The DOT proposes to glean detailed information on ancillary fees from charges listed by the Airline Tariff Publishing Co.

ATPCO, collector of fare and fare-related data, has more than 200 subcodes for items the DOT proposes to report, the department said.

Inflight beveragesThe DOT said it is not requiring the airlines to break out the data; rather, the DOT would "use the ATPCO list of charges as a reference in developing a new reporting form."

The DOT said its goals are informing consumers and airline analysts about the total amount of fees that airlines are collecting from passengers, and helping to "determine the impact of the increasing use of these fees on the Airport and Airway Trust Fund."

One of the trust fund's revenue sources is the U.S. government's 7.5% excise tax on airfares and "fees required as a condition of receiving domestic air transportation," such as some change and cancellation fees. Funds are used toward capital-improvement projects at airports.

However, most ancillary fees, including bag fees, are not subject to the excise tax.

Spirit Airlines CEO Ben Baldanza has said that offering customers a menu for extra services helps the airline keep fares very low. Such a strategy enables an airline to collect more revenue that avoids the excise tax, plus reduce the amount that is taxed — if the airline is able to reduce base fares by charging extra for ancillaries.

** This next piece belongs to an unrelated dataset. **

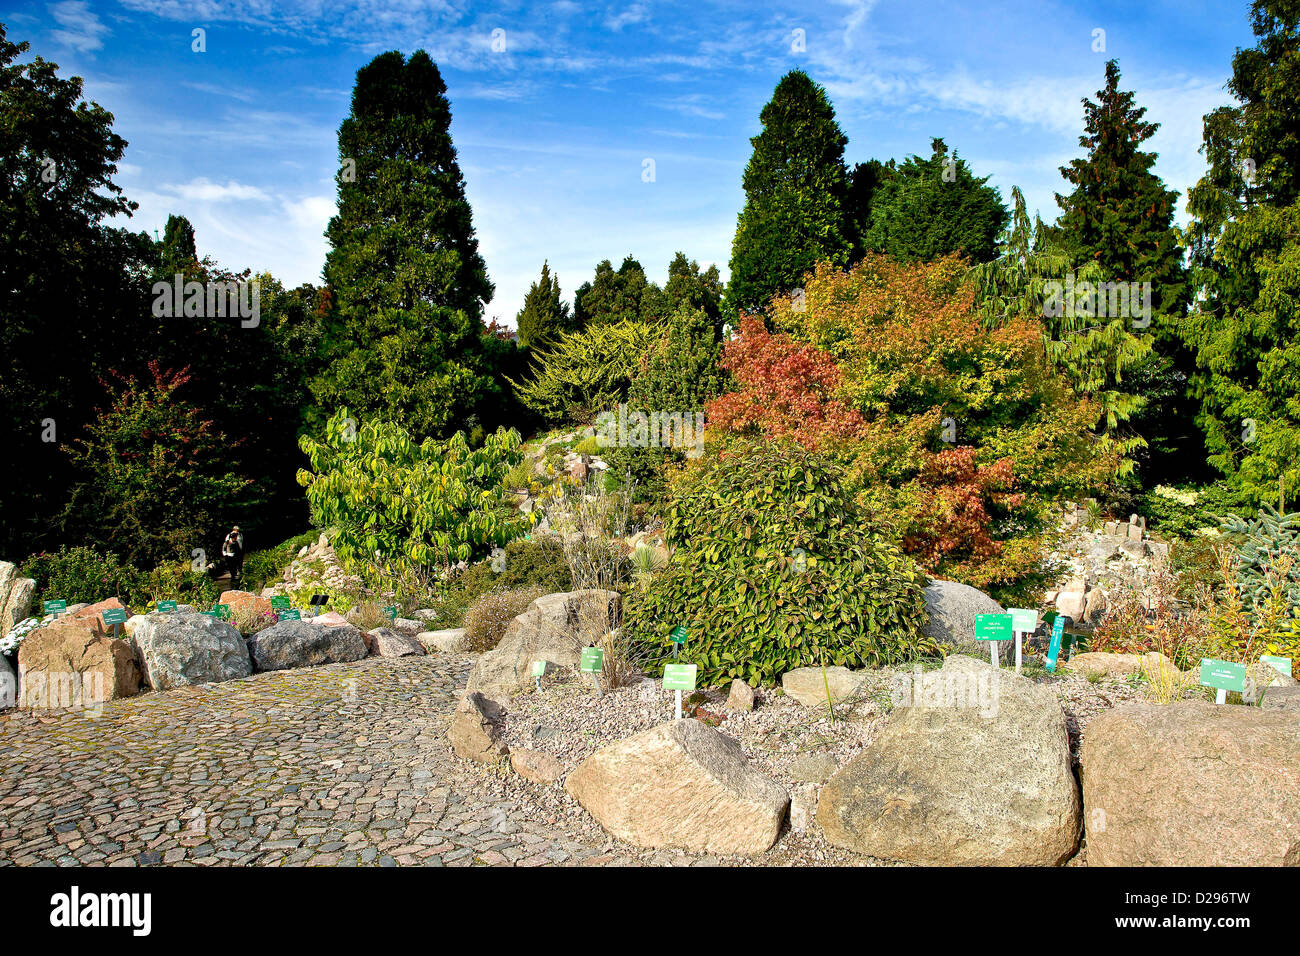 The rock garden in Botanical Garden Stock Photo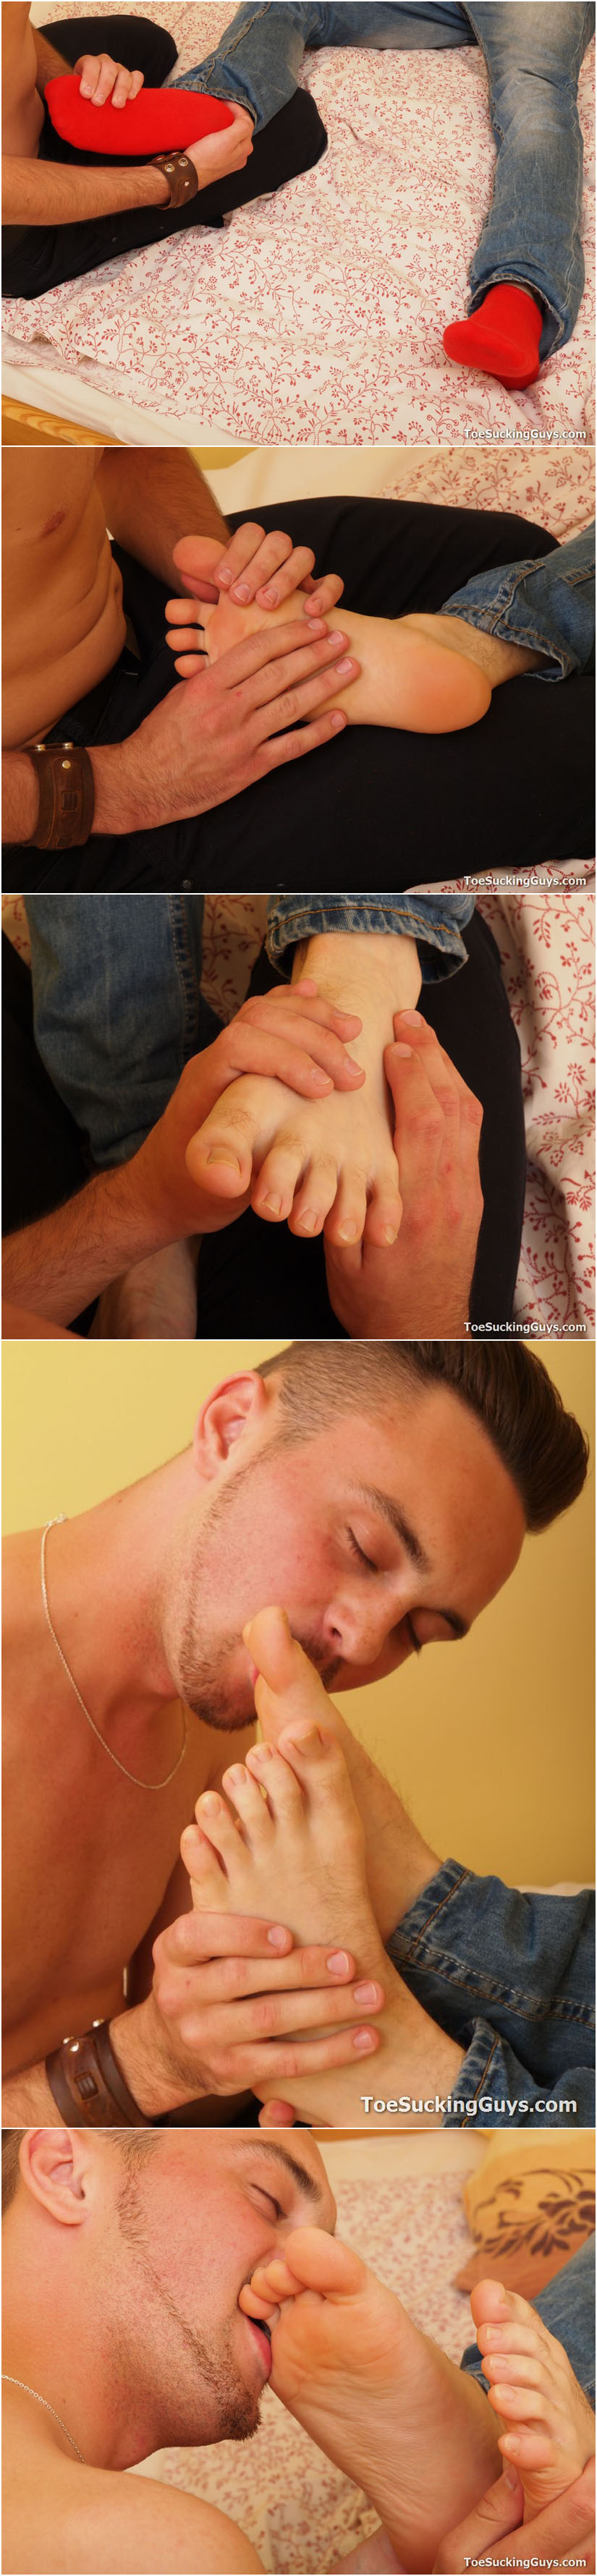 guy sucking his buddy's feet

In the "last few years," during which time airlines have added more a la carte services, revenue to the Airport and Airway Trust Fund has "slightly decreased," the DOT said.

Comments on the proposed rule will be accepted through Sept. 13. The DOT expects to issue a final rule next spring.

Comments can be submitted to the Federal Docket Management System at www.regulations.gov, Docket ID No. RITA-2011-0001.